Right, except that that is all about whether the criminal act was intentional or not. Accidental "crime" and so on.
Whereas this guy had every intention of murdering and robbing a guest in his inn, and was merely pre-empted from doing so; had whoever caught him arrived at the same time with the victim not already murdered by someone else, they could well have either caught him in the act, or narrowly prevented the murder.
Perhaps he would have been better charged with "attempted murder" - he made the attempt and was prevented by circumstances beyond his control, after all.
In our times they don't charge people with attempted murder without the final act that was anticipated to kill having been carried out, as far as I know.
"Whereas this guy had every intention of murdering and robbing a guest in his inn, and was merely pre-empted from doing so"

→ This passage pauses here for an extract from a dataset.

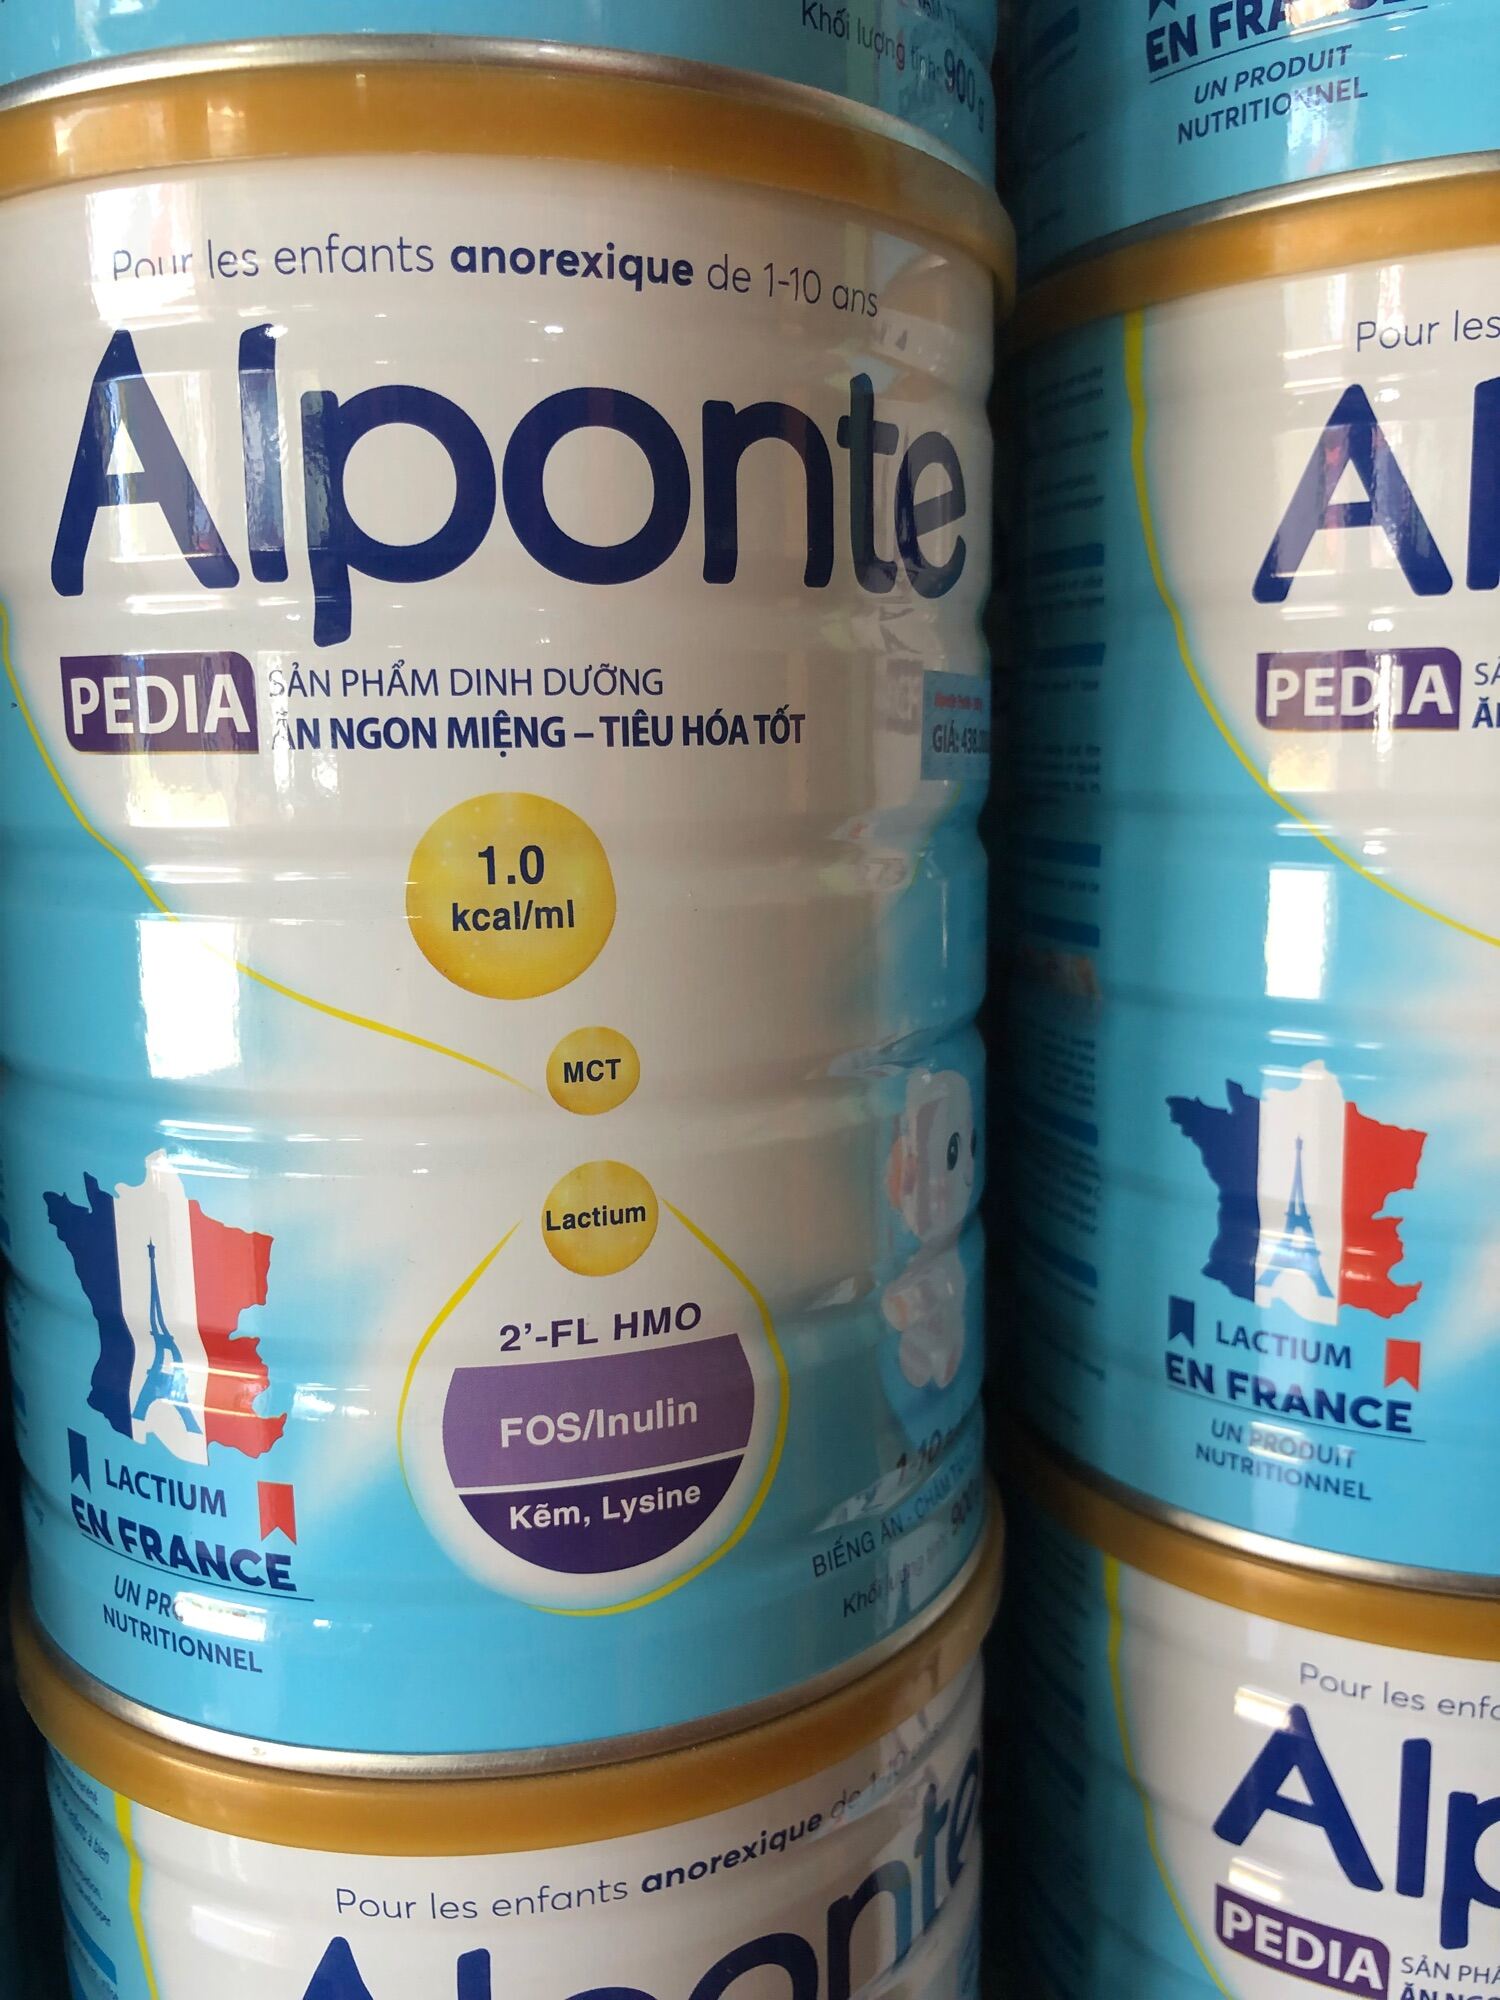 Sữa Alponte pedia 900g

I think it's a long and precipitous leap from saying that someone has had the appearance of planning to do something, to saying that they actually intended to, or would have in the absence of some other event. There's an awful lot of "screwing your courage to the sticking place" involved in committing murder I imagine: who's to say if Bradford would've had the stones for it?

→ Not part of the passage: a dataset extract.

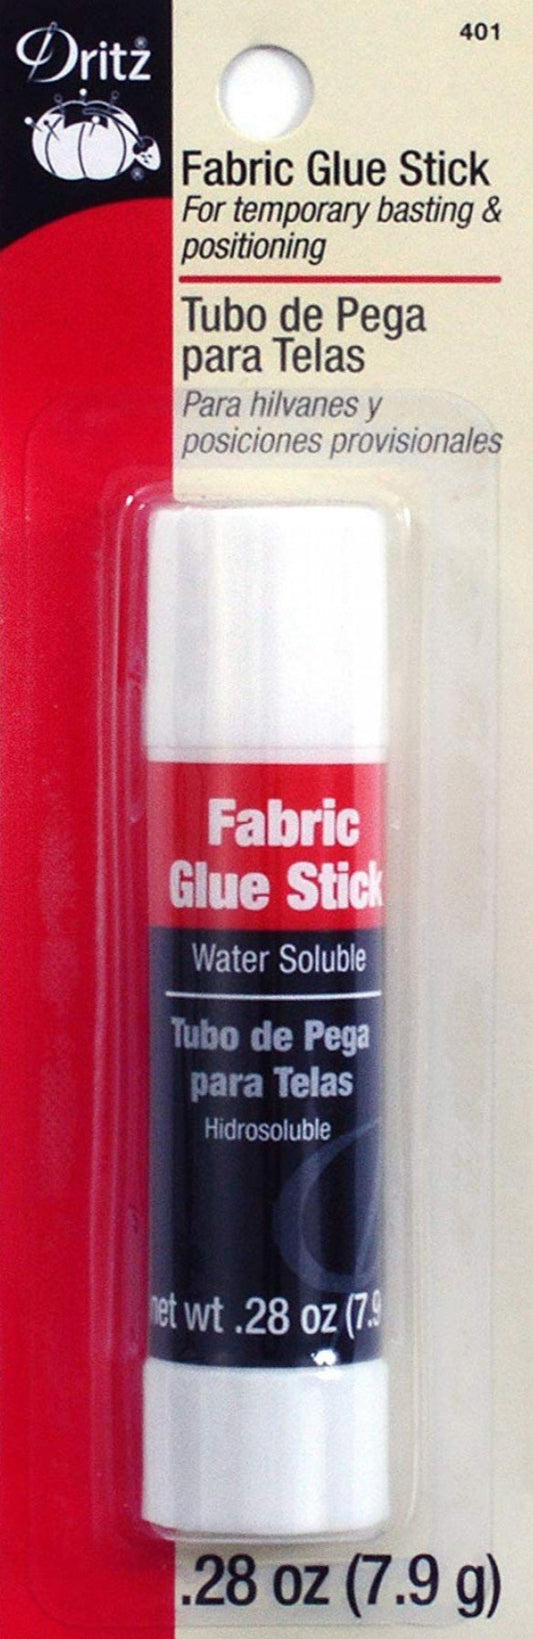 Fabric Glue Stick Notion - Trapunto

Leaving aside capital punishment, I would be horrified if this man was convicted of murder and sentenced accordingly today. Let's not forget, he didn't actually commit a crime. "By your works you shall be judged".
A simple thought experiment would be to extend this line of reasoning to lesser crimes than murder, or shakier evidence of intentions (shakier still!) than standing around with a knife. A quick descent into absurdity.
People often incline to badness but the deliberations of free will, in as much as they don't actually involve bad acts, shouldn't be punishable. If you want to make loitering with a knife a crime, by all means do: I hope the punishment will be less severe than that for murder.
I have to quote Sideshow Bob here and say "Attempted murder? What kind of a crime is that? Do they give a Nobel Prise for atempted physics?"
Or something like that.
Unless he has actually stabbed the man, he's not guilty, intent is enough to punish him FOR the crime. It is why we have attempted murder different from murder, and all the other "conspiracy to" type crimes.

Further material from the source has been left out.